## WORK ORDER
Extract verbatim every line from the one containing "An antique Navajo" to the final line of the records below, inclusive, and exclude all pictures.

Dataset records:

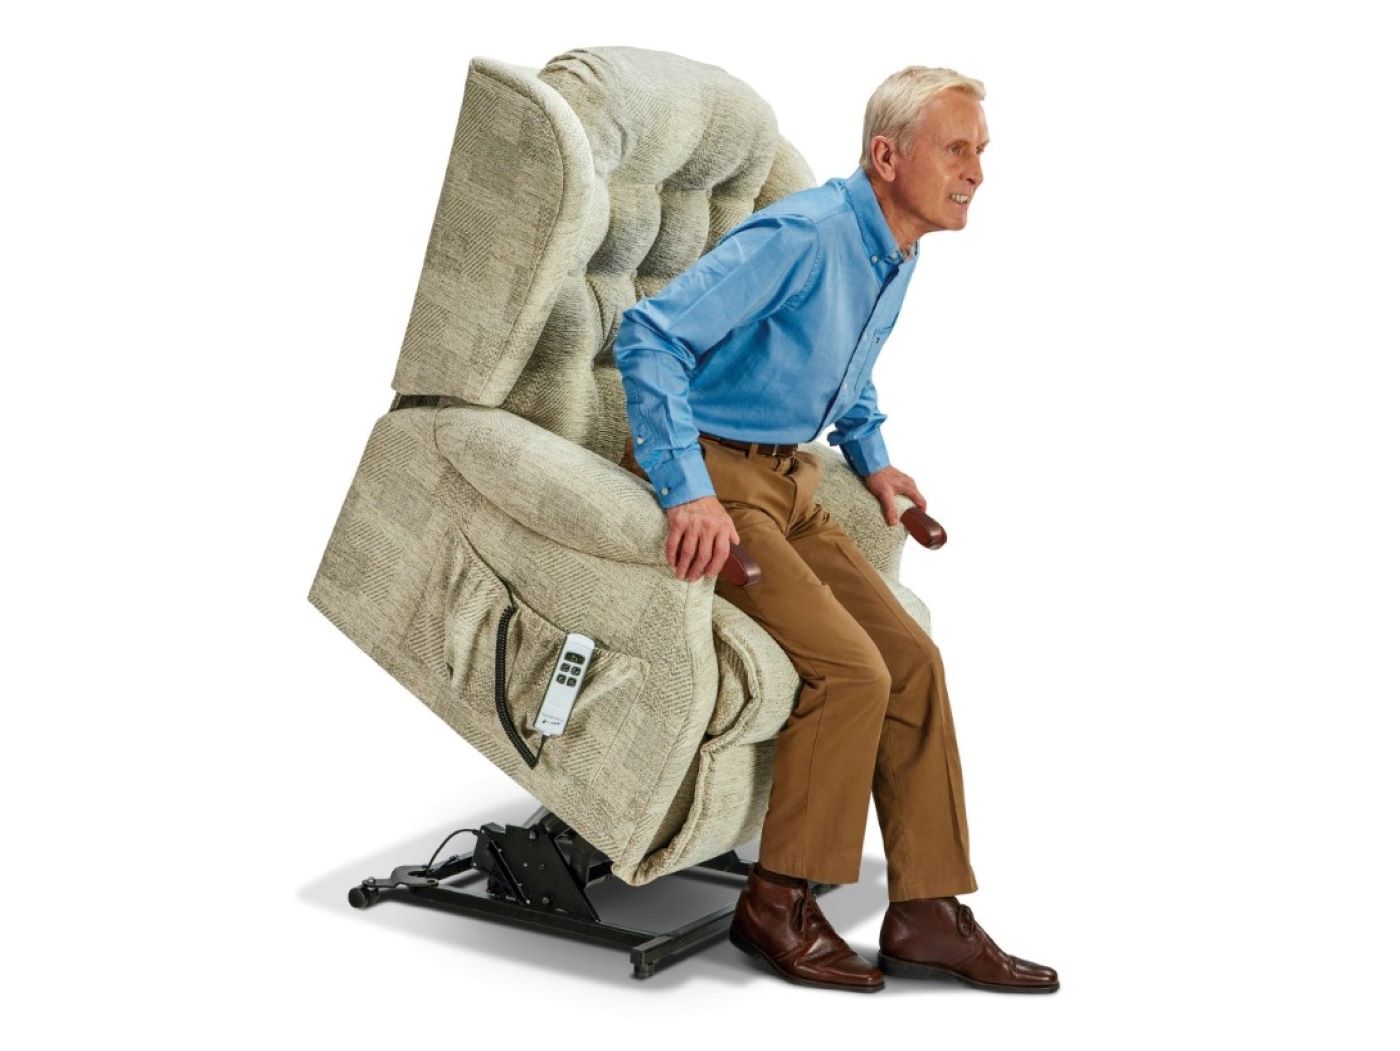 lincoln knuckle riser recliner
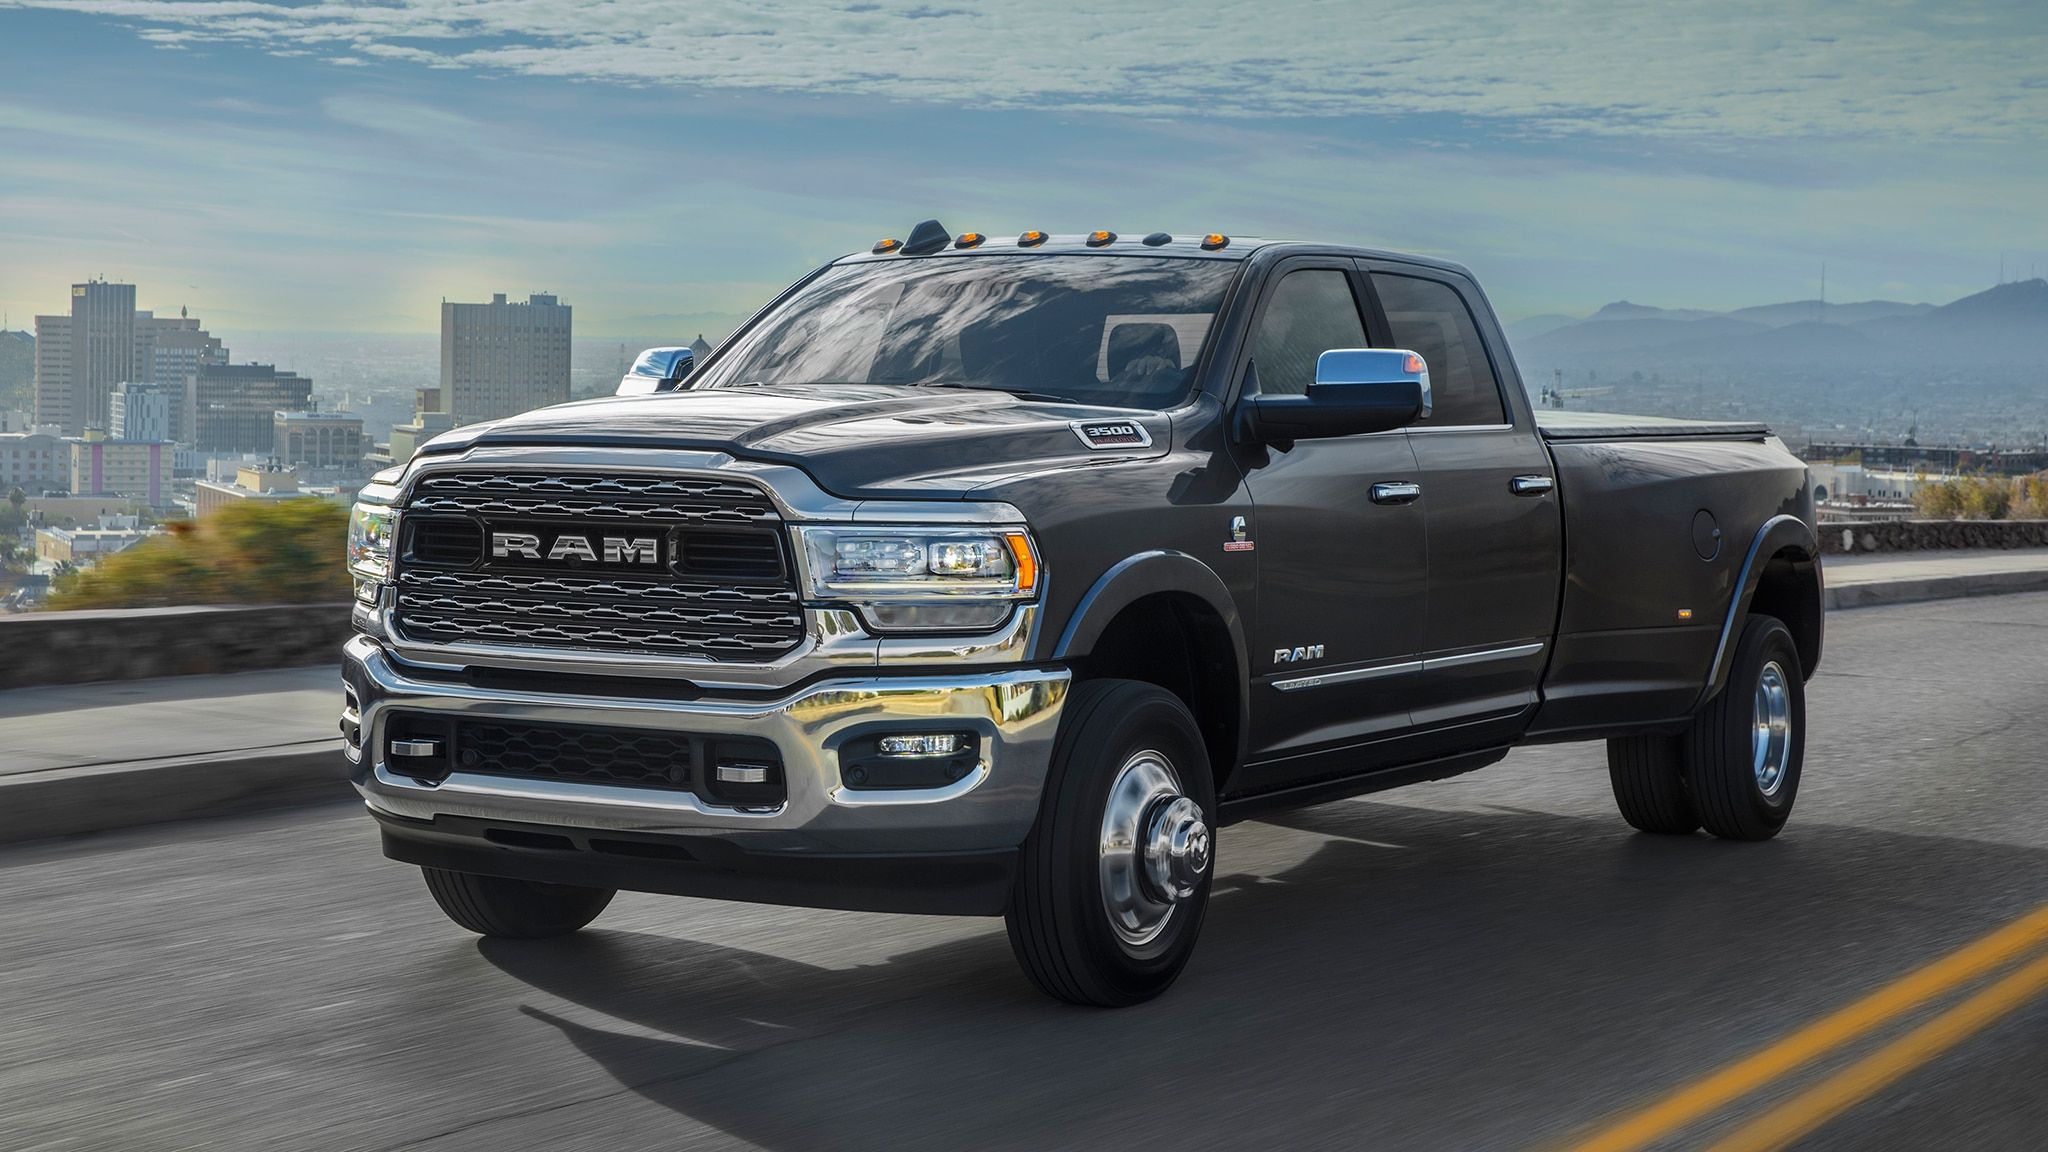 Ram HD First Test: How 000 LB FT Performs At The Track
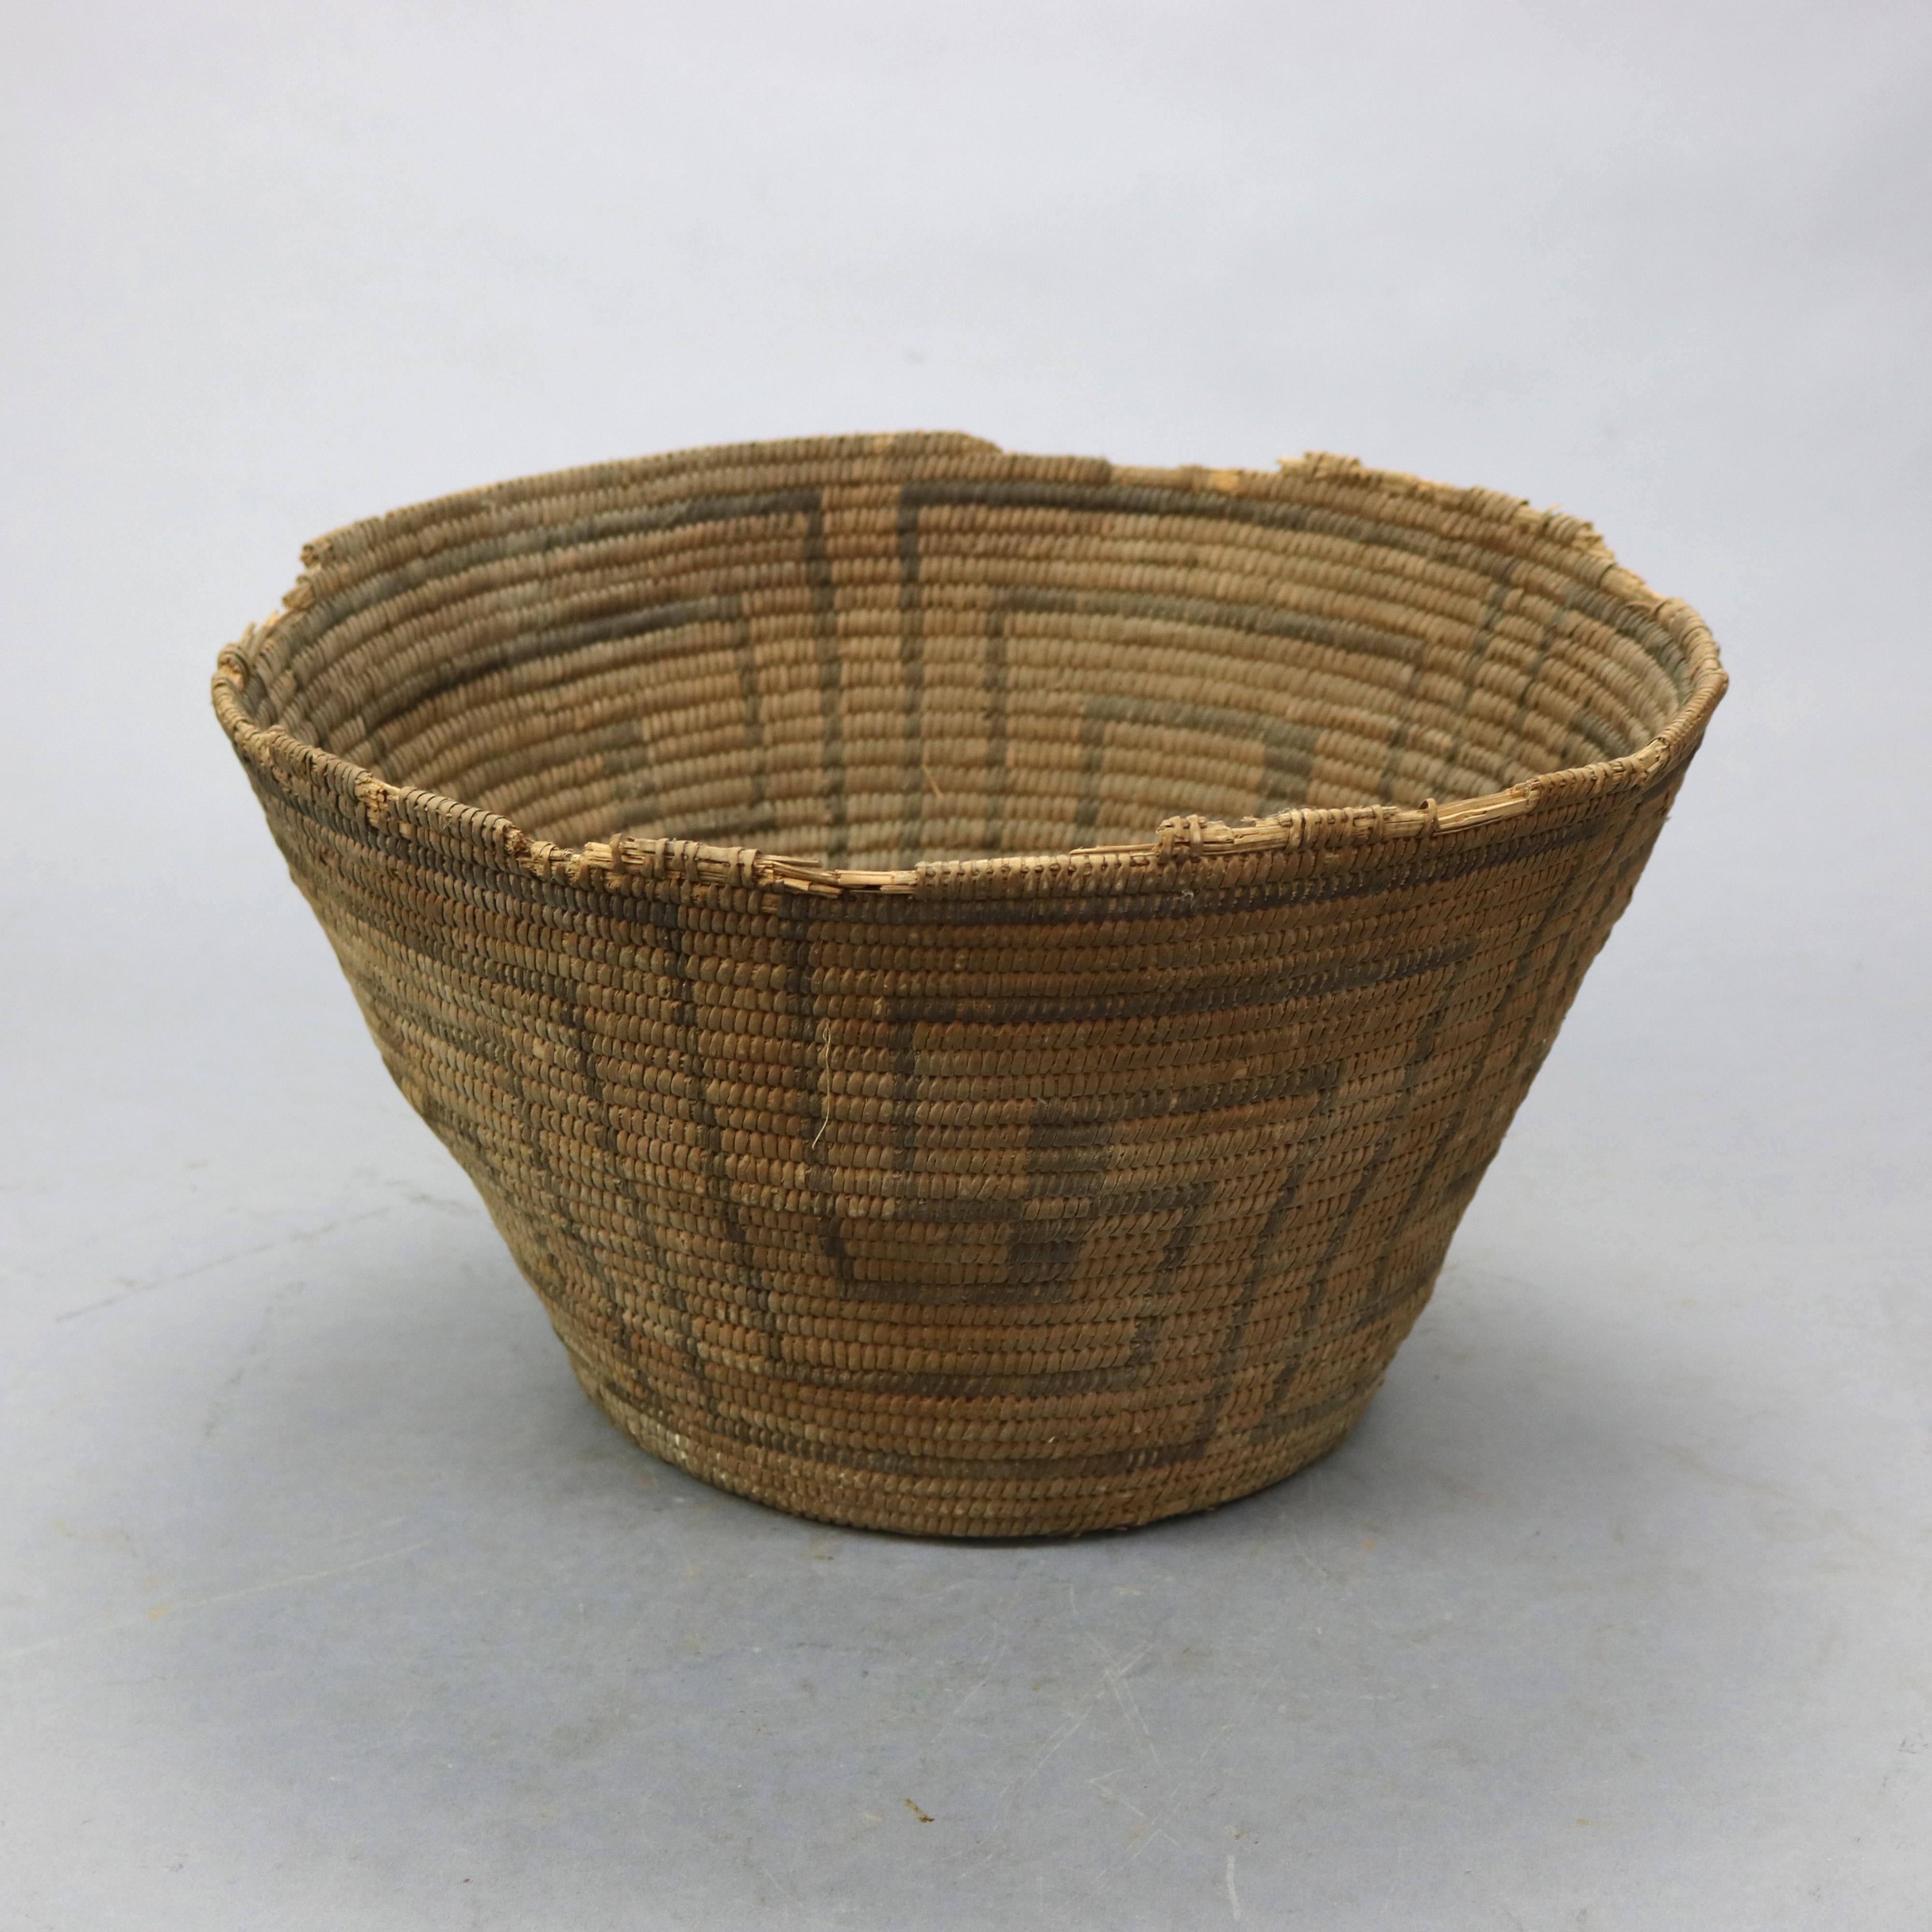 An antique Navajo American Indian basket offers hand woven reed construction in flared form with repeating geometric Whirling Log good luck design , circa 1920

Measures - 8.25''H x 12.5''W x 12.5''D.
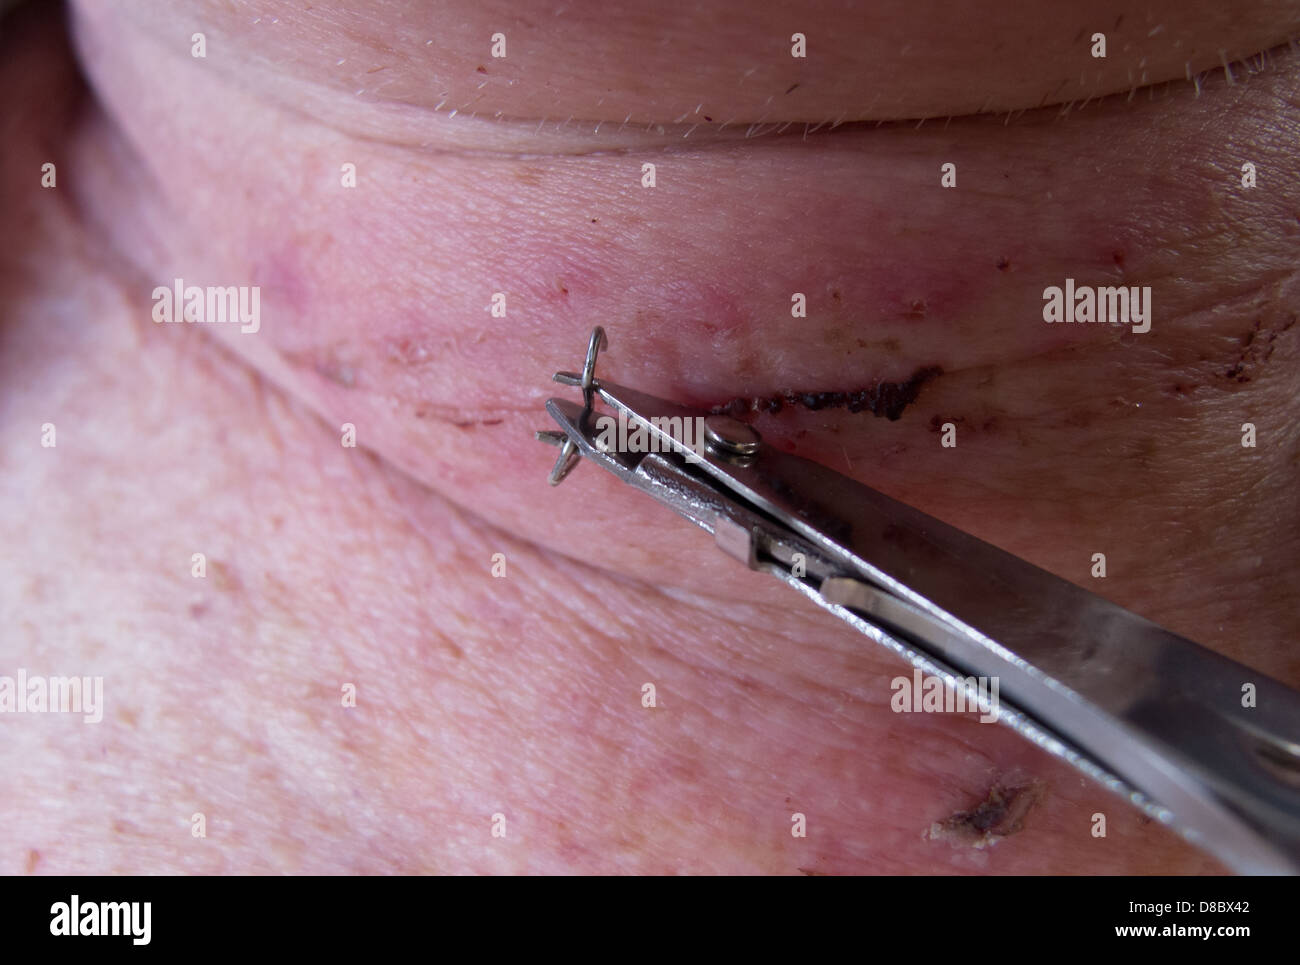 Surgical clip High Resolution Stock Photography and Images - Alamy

## EXPECTED ANSWER
 An antique Navajo American Indian basket offers hand woven reed construction in flared form with repeating geometric Whirling Log good luck design , circa 1920

Measures - 8.25''H x 12.5''W x 12.5''D.
 Surgical clip High Resolution Stock Photography and Images - Alamy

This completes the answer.